Overview on DataStage Architecture
DataStage is considered as a useful ETL tool that uses graphical presentation to process data integration.It is also available in various versions in current market.
DataStage Architecture:
DataStage follows the client-server architecture. The different versions of DataStage have different types of client-server architecture. Now I am going to explain the architecture of DataStage7.5. Data Stage 7.5 version is a standalone version in which DataStage engine, repository (metadata) and service all is installed in server and client is installed in local PC. These access the servers by the ds-client. data stage online course helps you to learn more techniques.
The users are created in Windows or Unix DataStage server. One has to create new Windows or UNIX user in the DS server to give them the access permission. Then need to add them to Data Stage group. It will give them access to the DataStage server from the client. Dsadm is the Data Stage server and dstage is the group of DataStage.
Client components:
- DataStage Administrator – The DataStage administrator is answerable for creating and deleting projects and also setting the environment variable.
- DataStage Designer – DataStage Designer is used for designing the job.
- DataStage Director – It is responsible for run, scheduling and validate the jobs.
- DataStage Manager – DataStage Manager is used for export and import the projects.
Server components:
- DS Server – DS Server remains answerable to run executable server tasks
- DS Package Installer–It is used to install packaged DS jobs
- Repository or project–It is a central store, which is containing all the information.

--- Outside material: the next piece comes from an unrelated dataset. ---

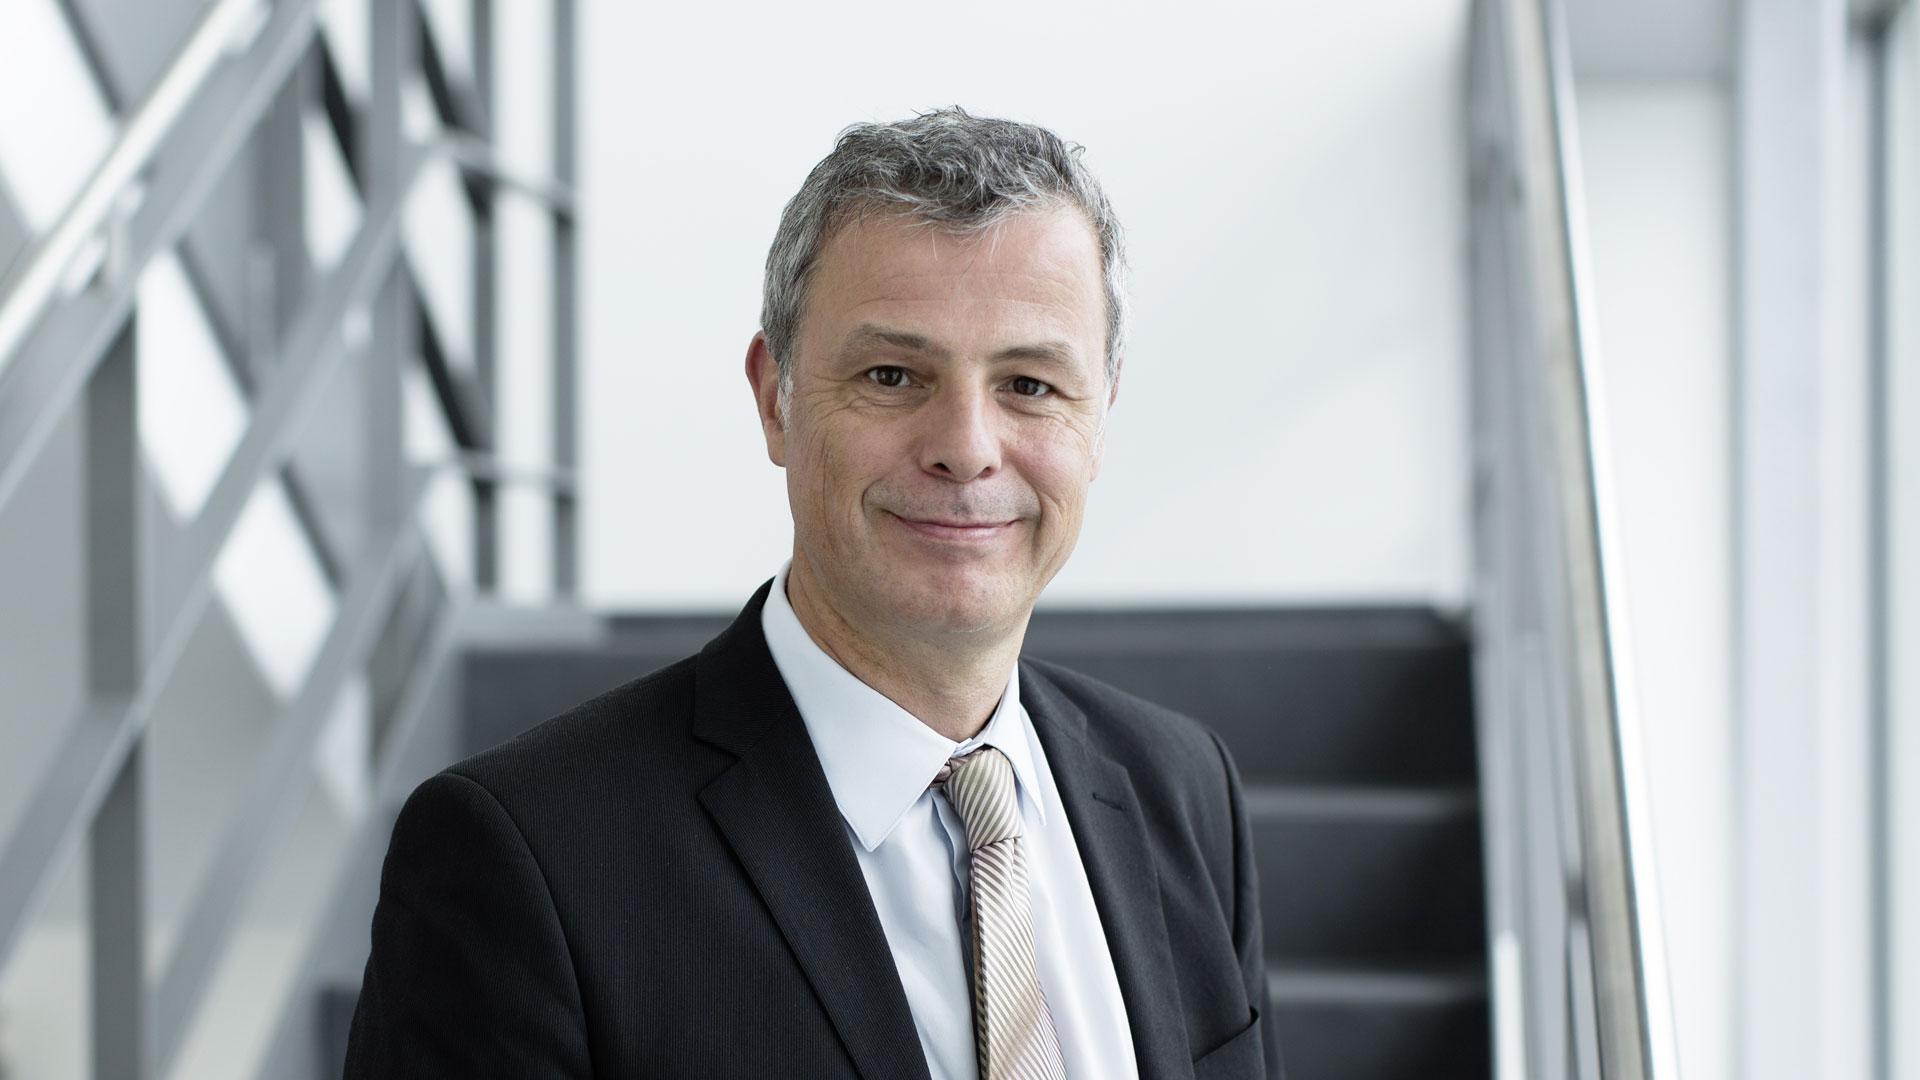 Social Media als Motor der Transformation – Dr. Thomas Theuringer über Chancen der Unternehmenskommunikation bei Qiagen und Learnings aus der Krise // ZZPodcast #17
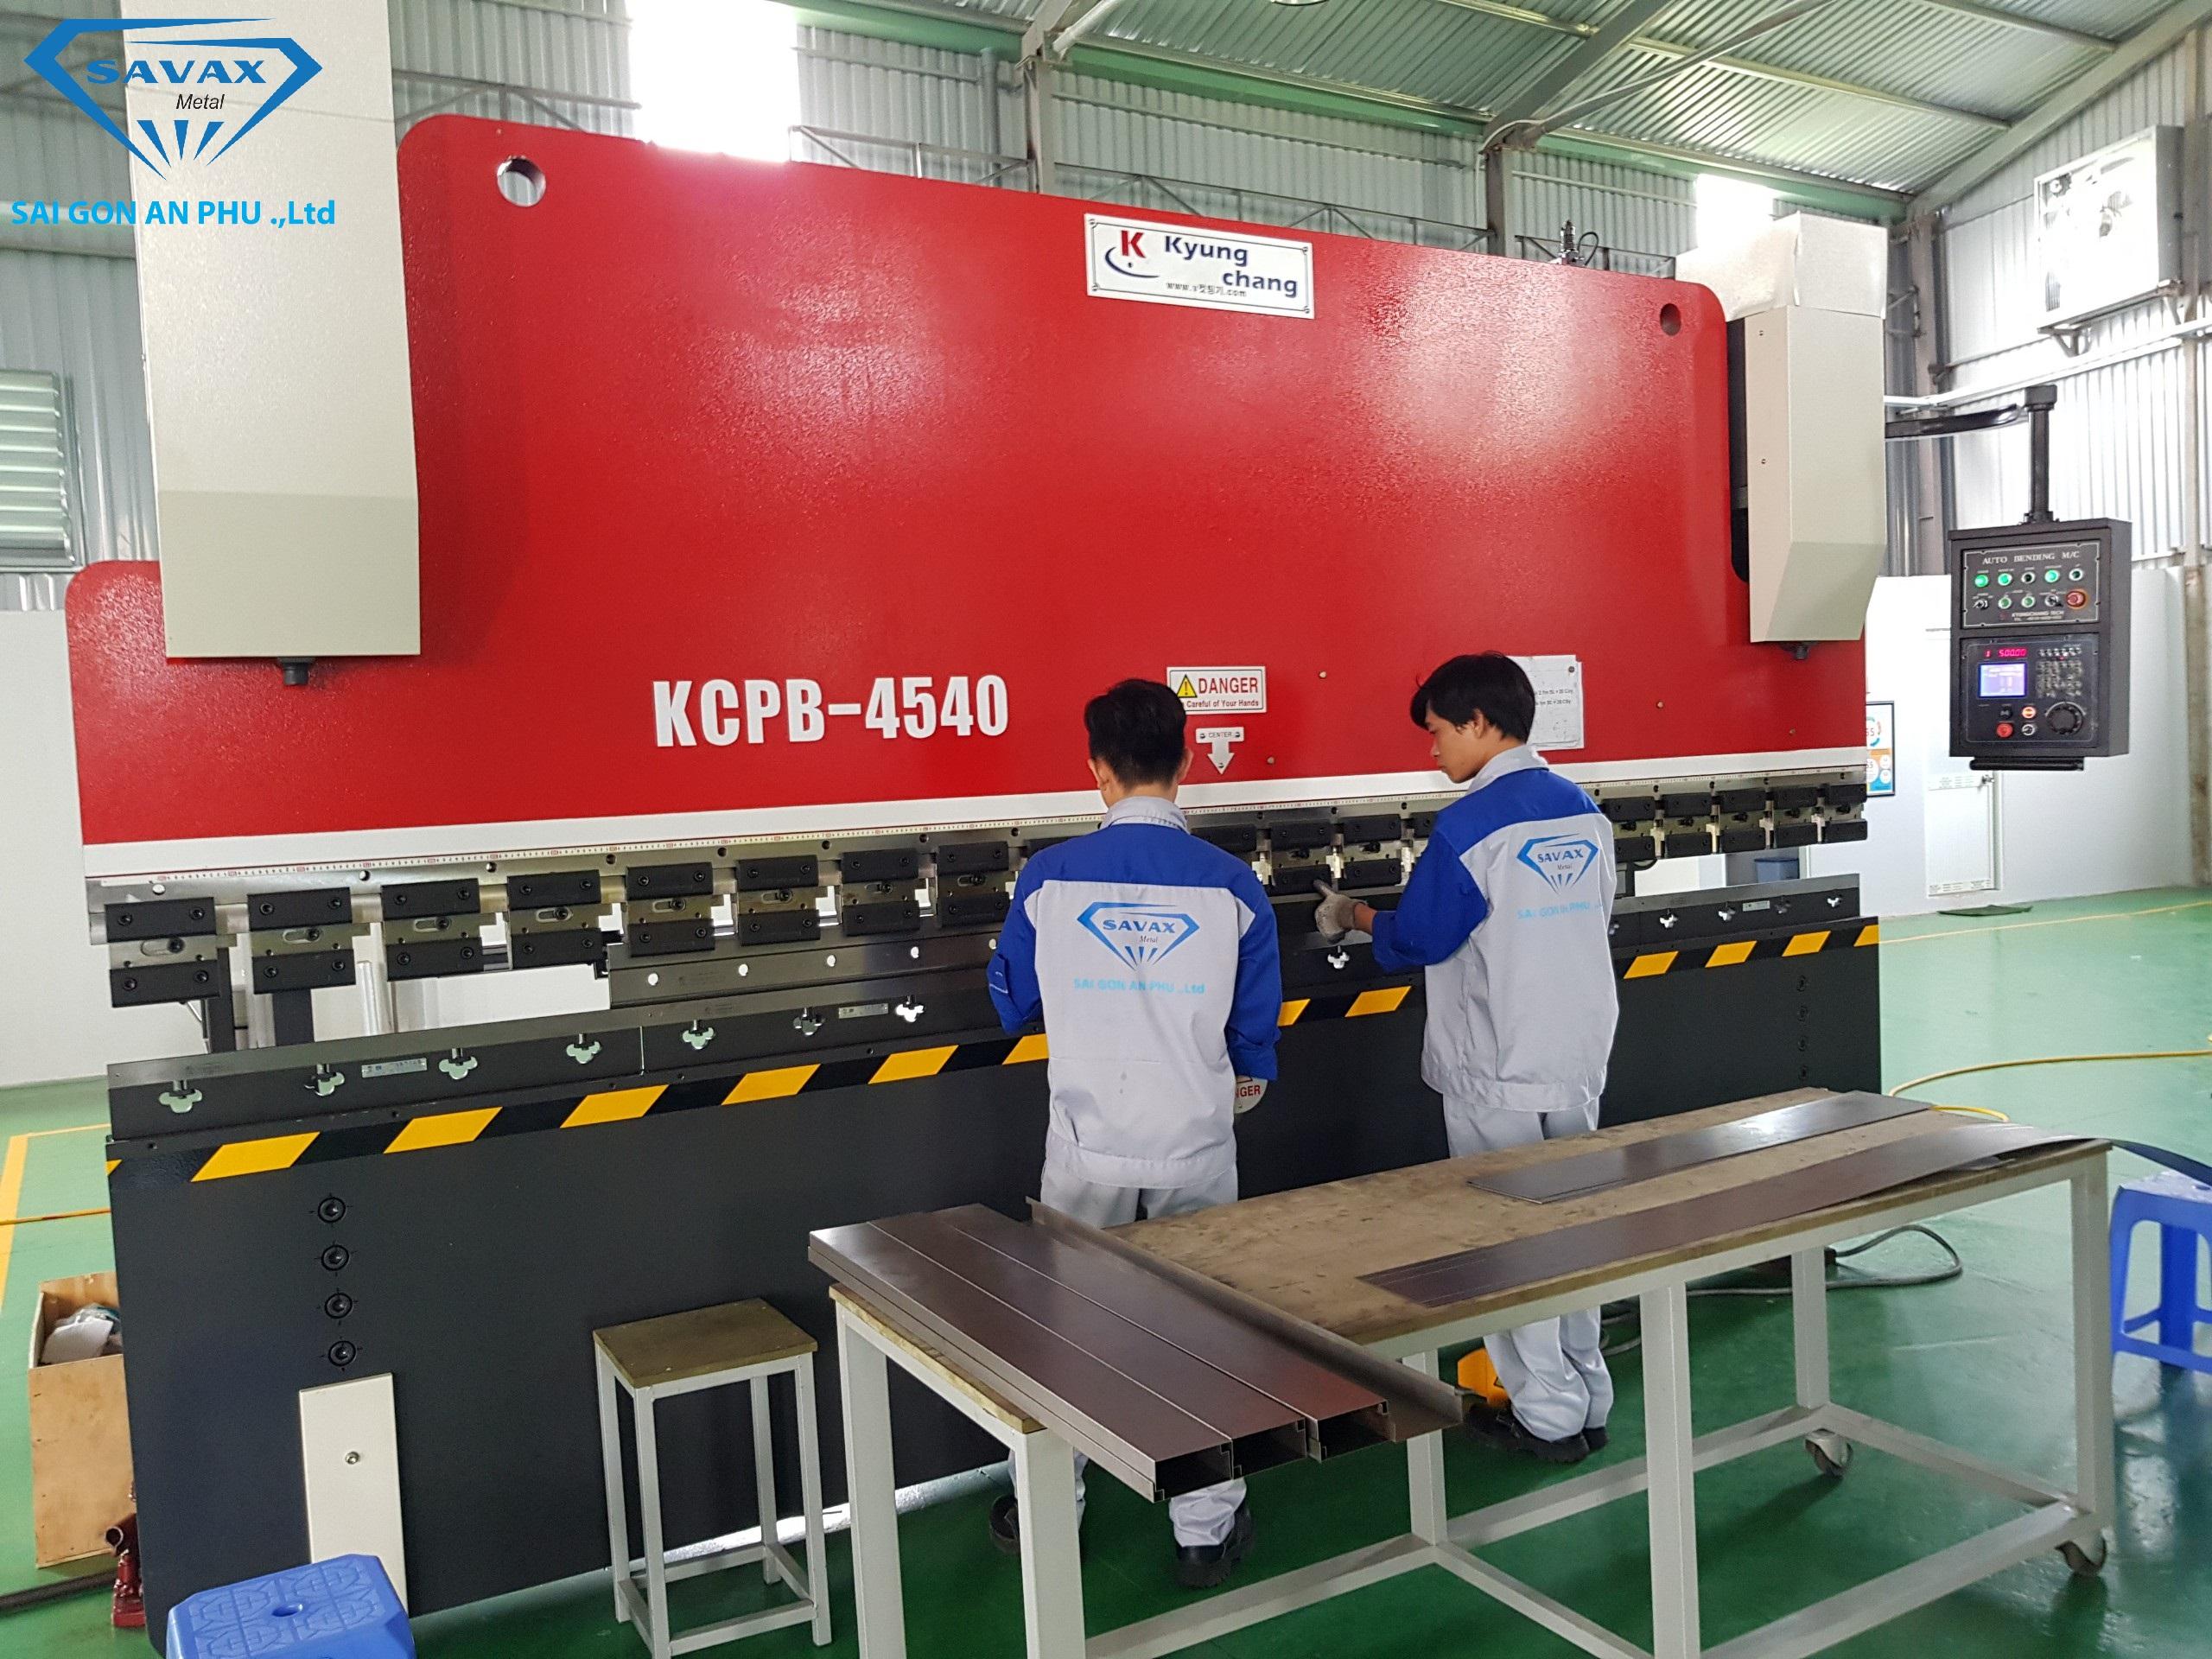 Xưởng gia công chấn dập (bẻ) sản phẩm

The Datastage Designer is the primary interface to the metadata repository and provides a graphical user interface that enables you to view, edit, and assemble Datstage objects from the repository needed to create an ETL job.
An ETL job should include source and target stages. Additionally, your server job can include transformation stages for data filtering, data validation, data aggregation, data calculations, data splitting for multiple outputs, and usage of user-defined variables or parameters. These stages allow the job design to be more flexible and reusable.
Datastage Designer enables you to:
· Create, edit, and view objects in the repository.
Create, edit, and view data elements, table definitions, transforms, and routines.
· Import and export DataStage components, such as projects, jobs, and job components.
· Analyze the use of particular items in a project.
· Edit and view user-defined object properties.
· Create jobs, job sequences, containers, and job templates.
· Create and use parameters within jobs.
· Insert and link stages into jobs.
· Set stage and job properties.
· Load and save table definitions.
· Save, compile, and run jobs.
Datastage Designer Window
The Datastage Designer window, which is the graphical user interface used to view, configure, and assemble Datastage objects, contains the following components:
· Repository Window: Displays project objects organized into categories. By default, the Repository window is located in the upper left corner of the Designer window. The project tree displays in this pane and contains the repository objects belonging to a project. datastage training for more techniques and skills
· Tool Palette: Contains objects that you add to your job design, such as stage types, file types, database types, and processor objects. You can drag these objects from the Palette into the Diagram window. By default, this window is displayed in the lower left corner, of the Designer window. This window appears to be empty until you open or create a job.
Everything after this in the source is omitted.